Azure Event Grid is a pub-sub message broker that enables you to integrate your solutions at scale using HTTP pull delivery, HTTP push delivery, and the MQTT broker capability. The MQTT broker capability in Event Grid enables your clients to communicate on custom MQTT topic names using a publish-subscribe messaging model. This capability fulfills the need for MQTT as the primary communication standard for IoT scenarios that drives the digital transformation efforts across a wide spectrum of industries, including but not limited to automotive, manufacturing, energy, and retail.

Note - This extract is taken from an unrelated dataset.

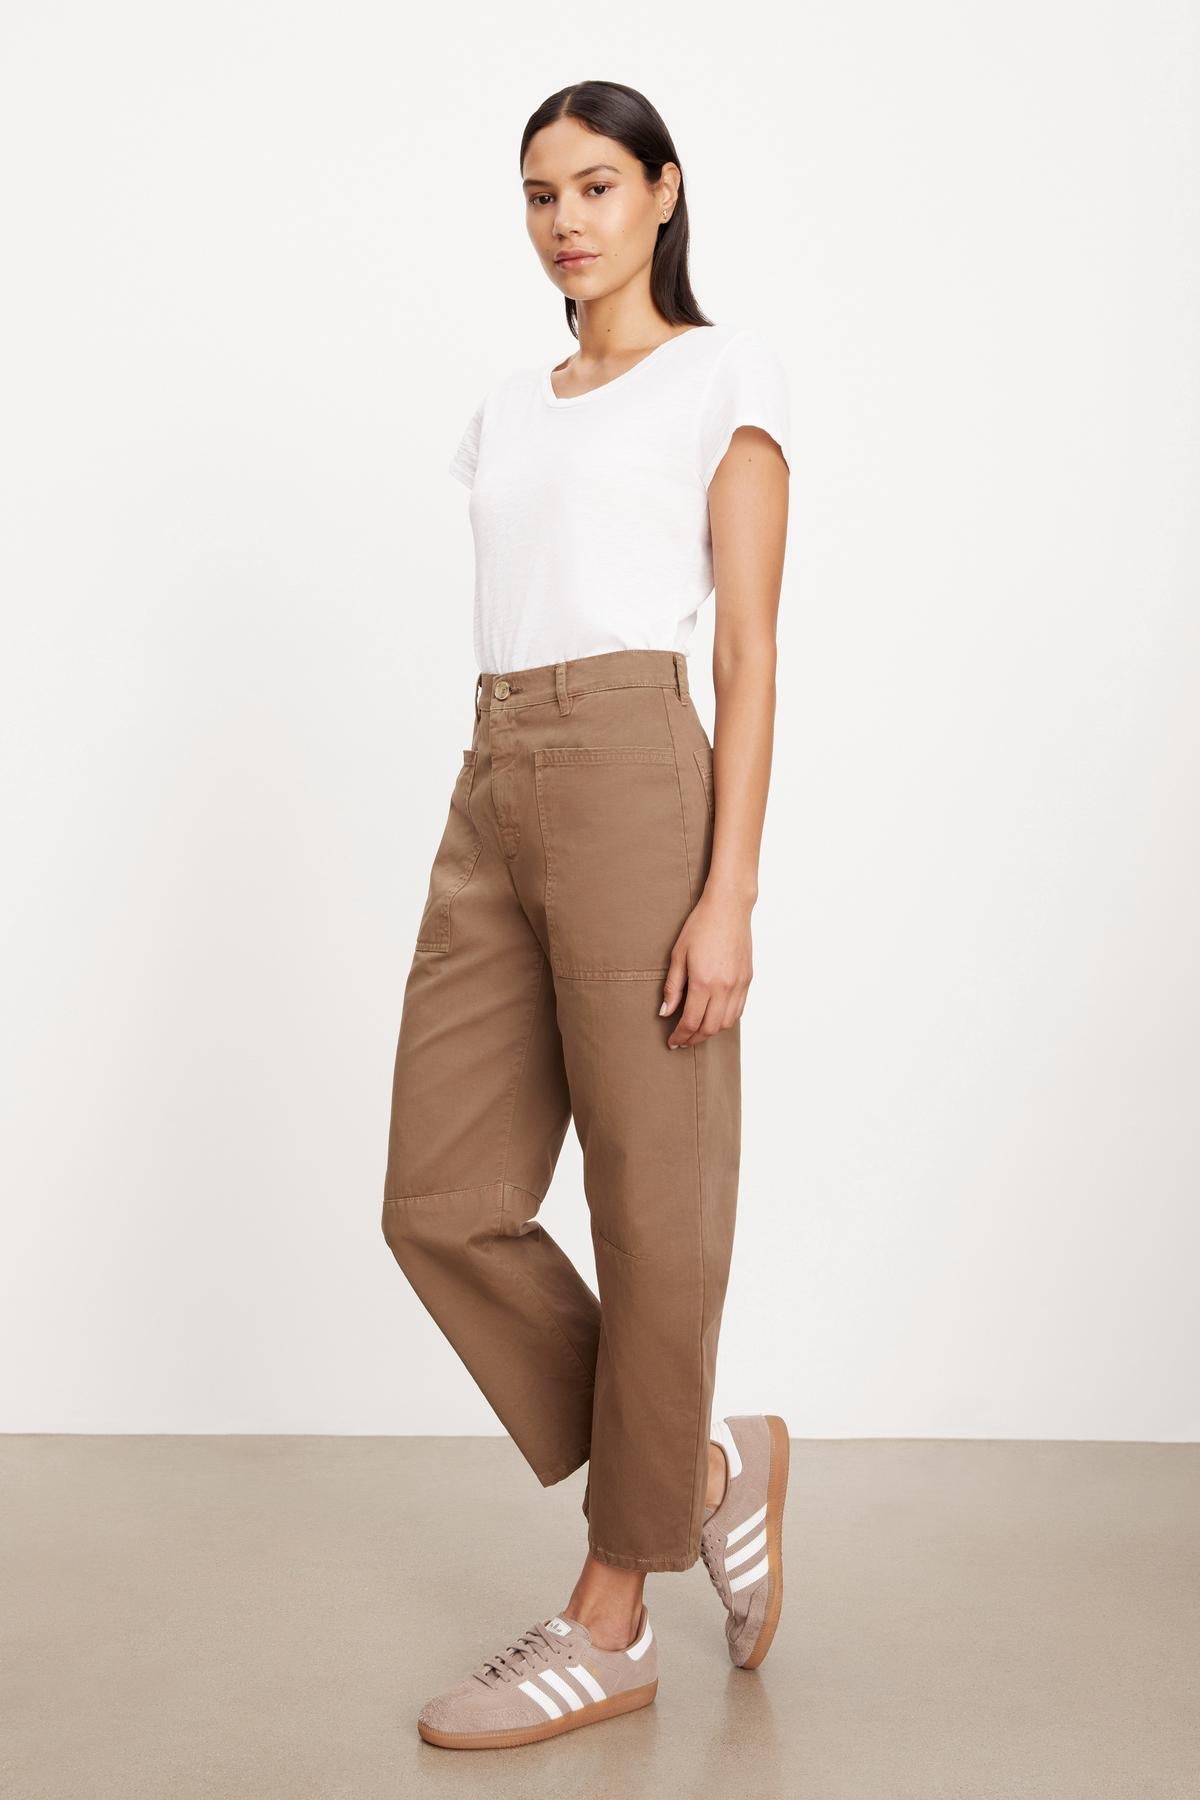 The model is wearing a white t-shirt and Velvet by Graham & Spencer BRYLIE SANDED TWILL UTILITY PANT with patch pockets.-36001385447617

Performance testing is a crucial aspect of software development, especially for services that manage large numbers of client connections and message transfers. Our team has been dedicated to assessing the performance of our systems from the early stages of development. In this blog post, we provide an overview of our testing approach, share some test results, and discuss the insights we have gained from our efforts.

 

Performance goals and latency highlights

To present the system operating at the current scale boundaries, the tests were conducted with a namespace with 40 throughput units (TUs). The following list represents the main scale limits that can be achieved using 40 TUs and the latency highlights from our tests shared in the blog.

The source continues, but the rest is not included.